Memory¶

Computer RAM (Random Access Memory) is short-term working memory that stores the data and instructions programs are actively using, allowing the CPU to access them quickly. RAM works in the same way on the HPC cluster as it does on laptops and desktops.

This page describes the different methods for requesting memory in Slurm jobs. See this blog post for more information about Virtual and Physical memory.

Memory requests in Slurm¶

All jobs must request an amount of RAM. See the below sections for information about the various methods of requesting memory in different job types.

Jobs which exceed the requested memory will be automatically killed by the scheduler with an exit state of OUT_OF_MEMORY.

Serial jobs¶

For non-parallel jobs, there are two different ways to request memory, either per-task (core), or per-job (total).

Each partition sets a different default memory request, so we advise to explicitly request memory using one of the below methods in all jobs.

Compute jobs requiring large amounts of RAM

If you have compute jobs with very large RAM requirements, you may want to make use of our public highmem nodes by submitting to the highmem partition, rather than compute. See the high memory jobs page for more information.

Requesting exclusive use of a node

If your job requires a whole node, request all the available memory with --mem=0, and all the CPUs (and GPUs if applicable) with --exclusive.

Note that the queueing time for a whole node is likely to be considerably longer than with small jobs, as the scheduler needs to allocate all resources from a single node, which will not be available if smaller jobs are consuming resources.

As exclusive jobs block other jobs from running on the same node concurrently, please ensure the jobs are utilising all resources correctly.

See the single node jobs page for example serial job scripts.

Per-task (core)¶

The per-task (per-core) approach multiplies the --mem-per-cpu value by the number of tasks (cores) requested. For example, requesting 2 tasks (cores) and 5G per task (core) would result in 10GB being requested for the job:

## Request 2 tasks/cores
#SBATCH -n 2                # (or --ntasks=2)

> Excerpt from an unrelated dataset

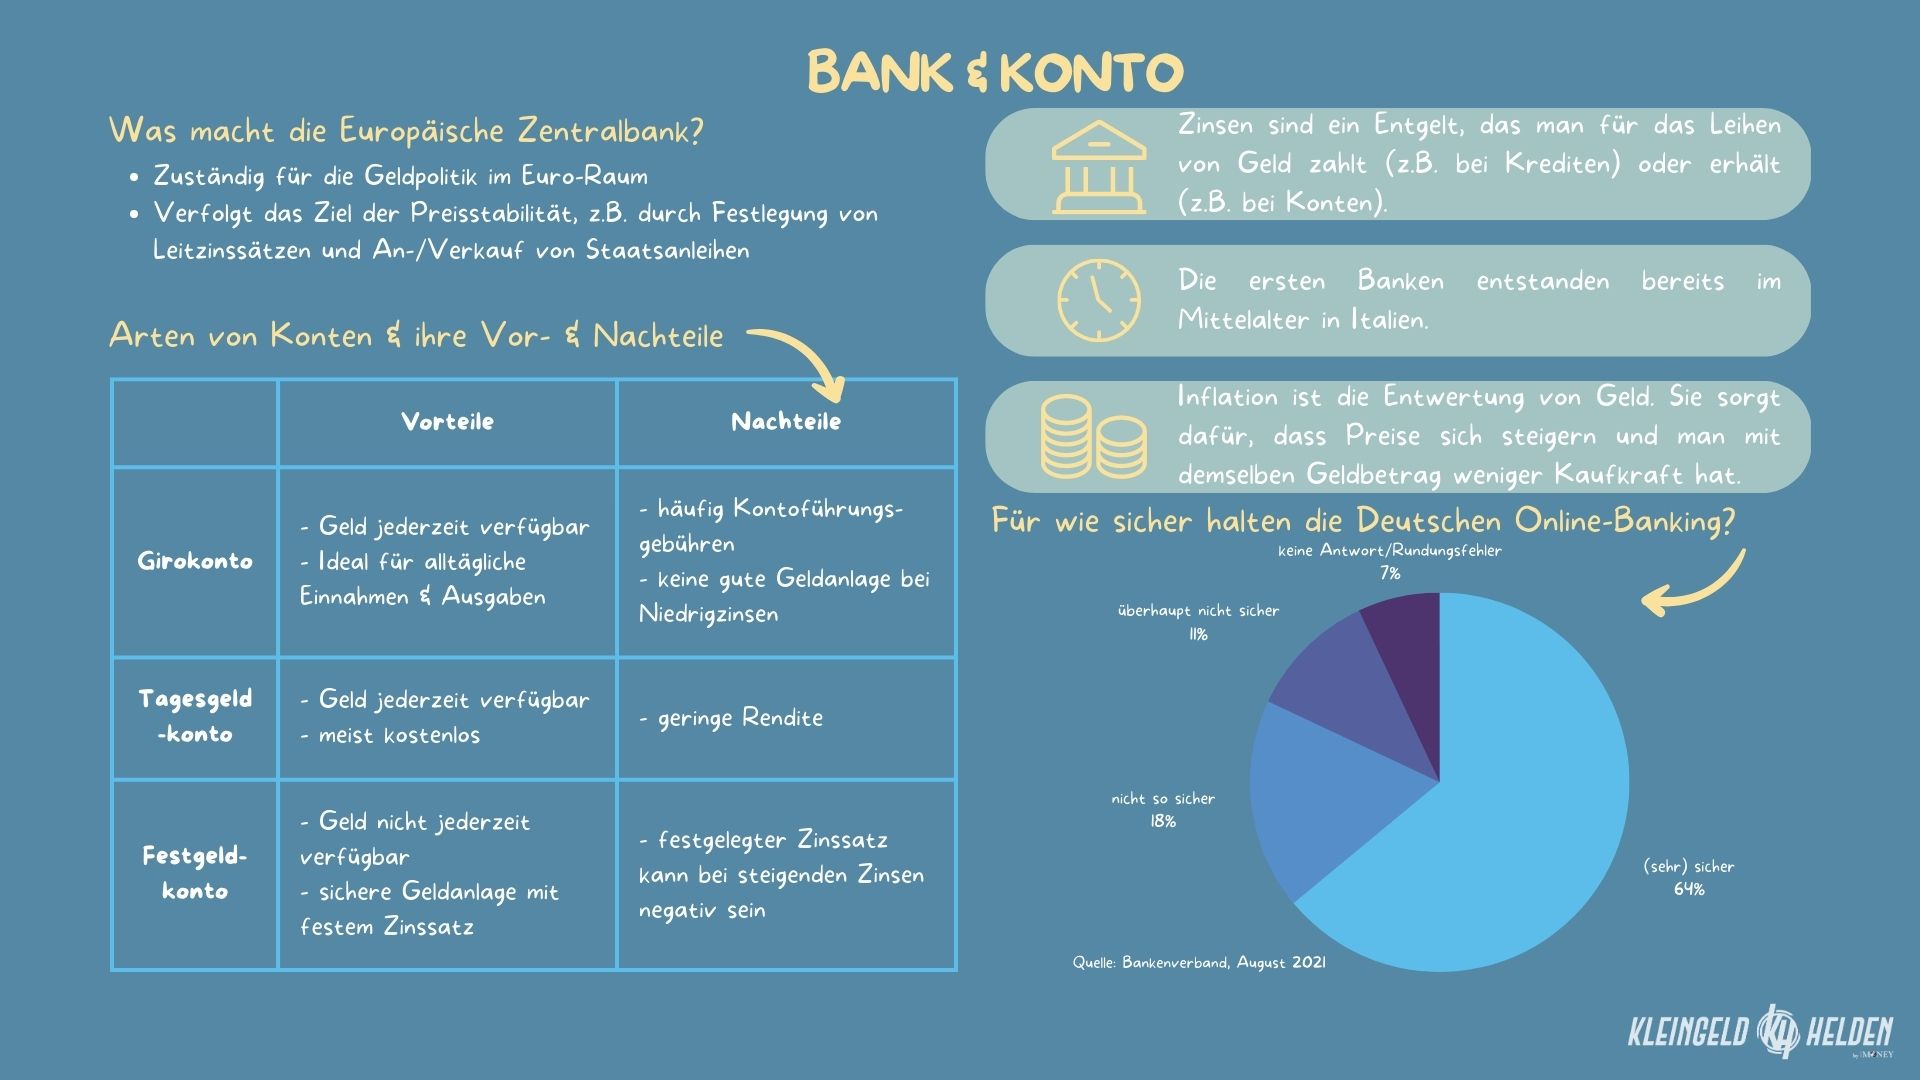 Infografik zu Bank und Konto: EZB, Konten Vor- und Nachteile, Inflation, Zinsen, Online-Banking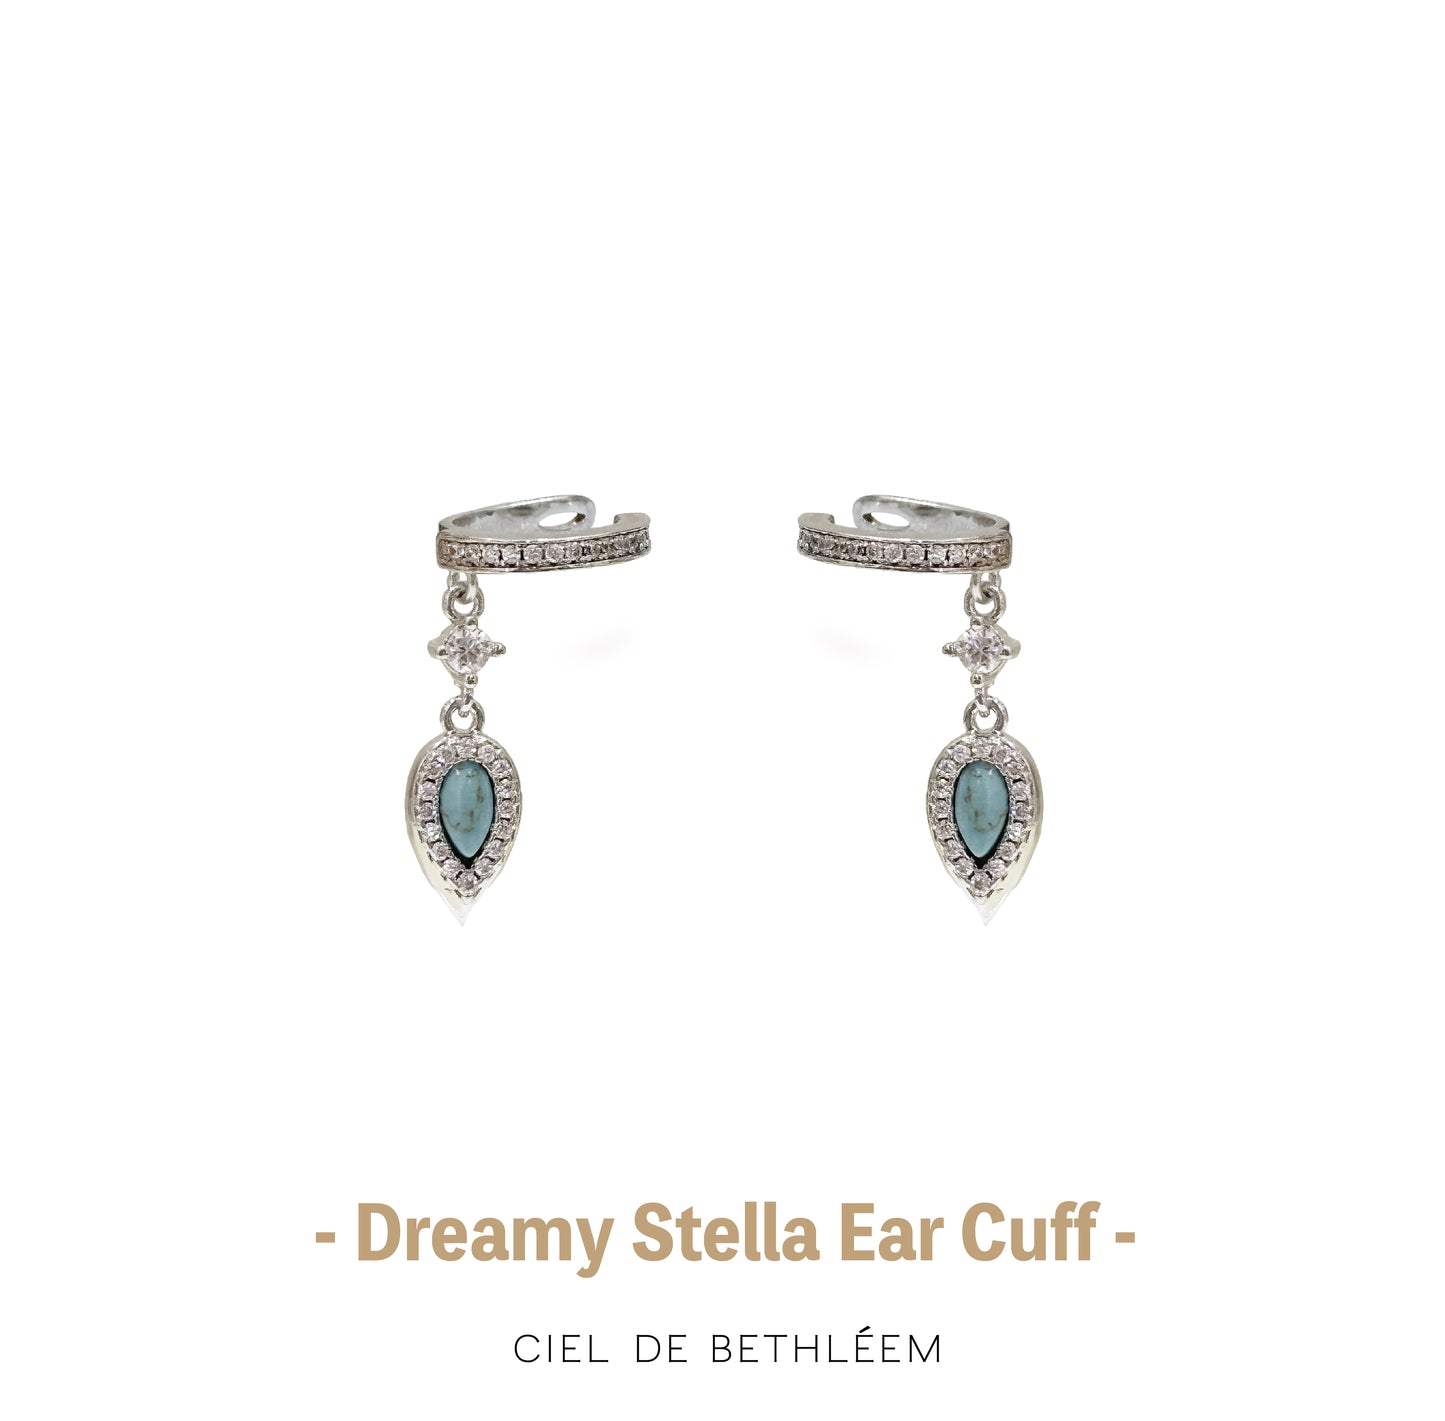 Dreamy Stella Ear Cuff

## Request 1GB per task/core
#SBATCH --mem-per-cpu=1G

Per job (total)¶

The per-job approach simply requests the total amount of memory required by the job, regardless of the number of tasks (cores) requested. For example, to request 10G for the job:

#SBATCH --mem=10G           # Request 10GB for the job

Parallel jobs¶

The primary resource on the parallel nodes is the high-throughput, low-latency interconnect known as InfiniBand. All nodes in the parallel partition are connected via an InfiniBand switch, which can significantly improve the performance of large, multi-node parallel jobs.

To achieve this performance benefit, only a single job is allowed to run on each parallel node. As a result, users should request all available CPUs and memory when submitting jobs to the parallel partition.

All jobs submitted to the parallel partition must include the following:

#SBATCH --exclusive
#SBATCH --mem=0

See the multi-node jobs page for example parallel job scripts.